Glasgow subway station

Kelvinbridge subway station (Drochaid Cheilbhinn) is a Glasgow Subway station serving the Woodlands, Woodside and Hillhead areas of Glasgow, Scotland. It is named after the bridge crossing the River Kelvin, next to the station. This station is one of the two serving Kelvingrove Park, the other being Kelvinhall.

The station – along with the rest of the Subway system – was opened in 1896 and closed for refurbishment in 1977, reopening in 1980. It retains the original island platform layout, and is by far the busiest station to retain this configuration.

The station has a car park, built on the site of the goods yard at Kelvinbridge on the Stobcross to Maryhill Central line.

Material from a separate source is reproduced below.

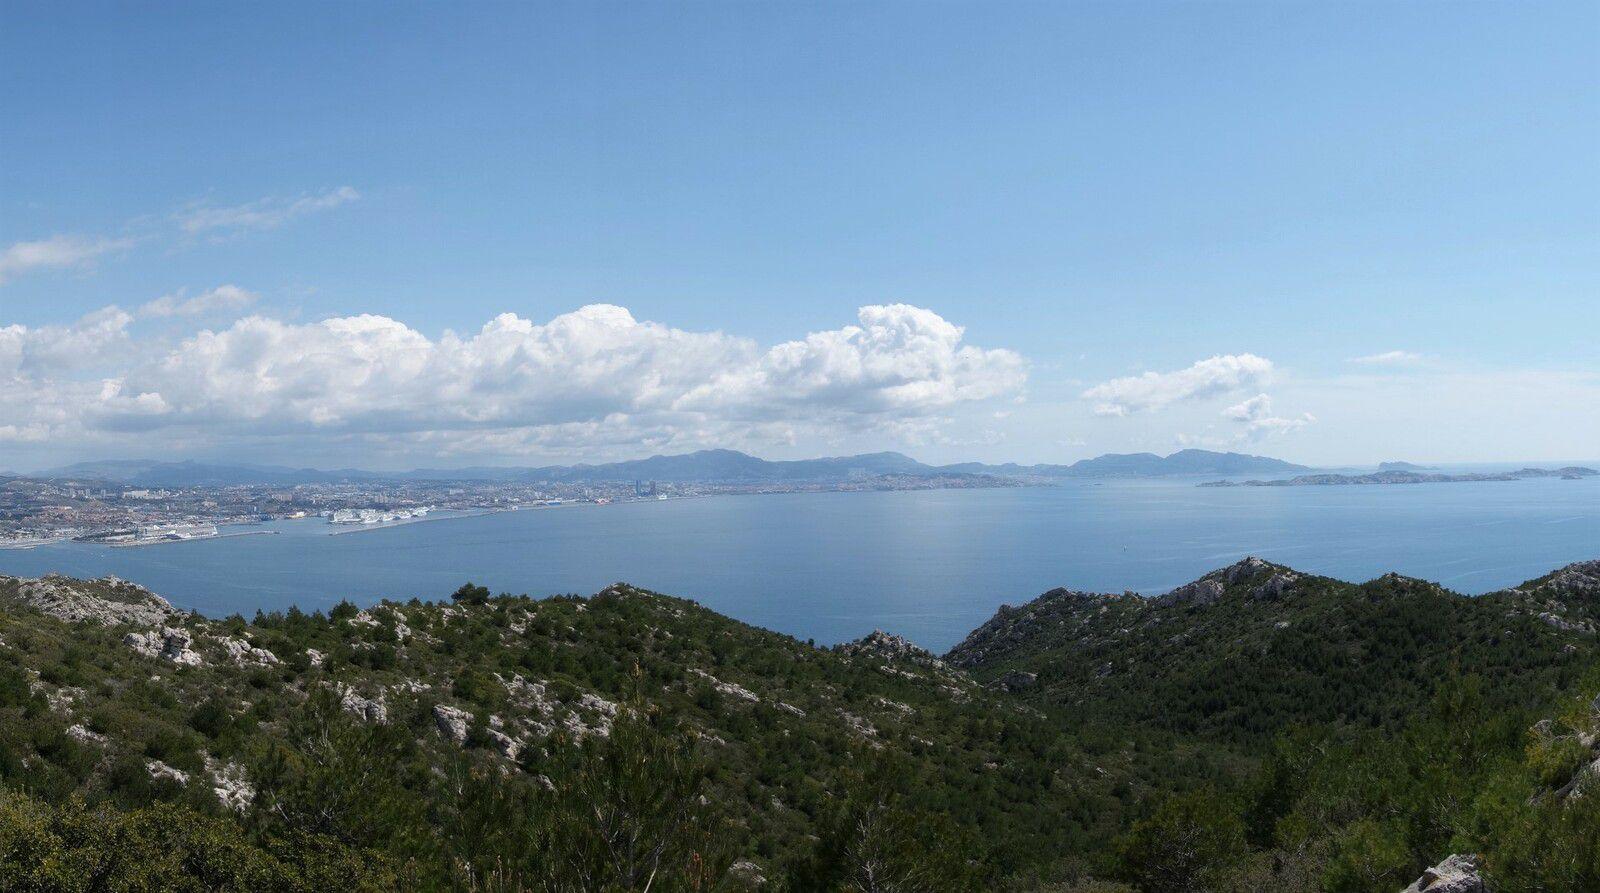 au sommet coté 213 et départ du monotrace, vue panoramique sur la rade de Marseille

The station is the deepest station on the Subway due to its close proximity to the River Kelvin - and as such the tunnels are prone to seepage in this area, necessitating pumping systems which run continuously to keep the station dry. It was originally entered through a tenement block on South Woodside Road with access to Great Western Road via an external cast iron staircase descending from the eponymous bridge. Following modernisation, a purpose-built surface-level ticket hall has offered direct access to the new main entrance on Great Western Road via a glass-enclosed escalator.

The former station entrance is now the emergency exit from today's station, the emergency exit being marked by red doors at the bottom of the iron staircase, and "keep clear" signs.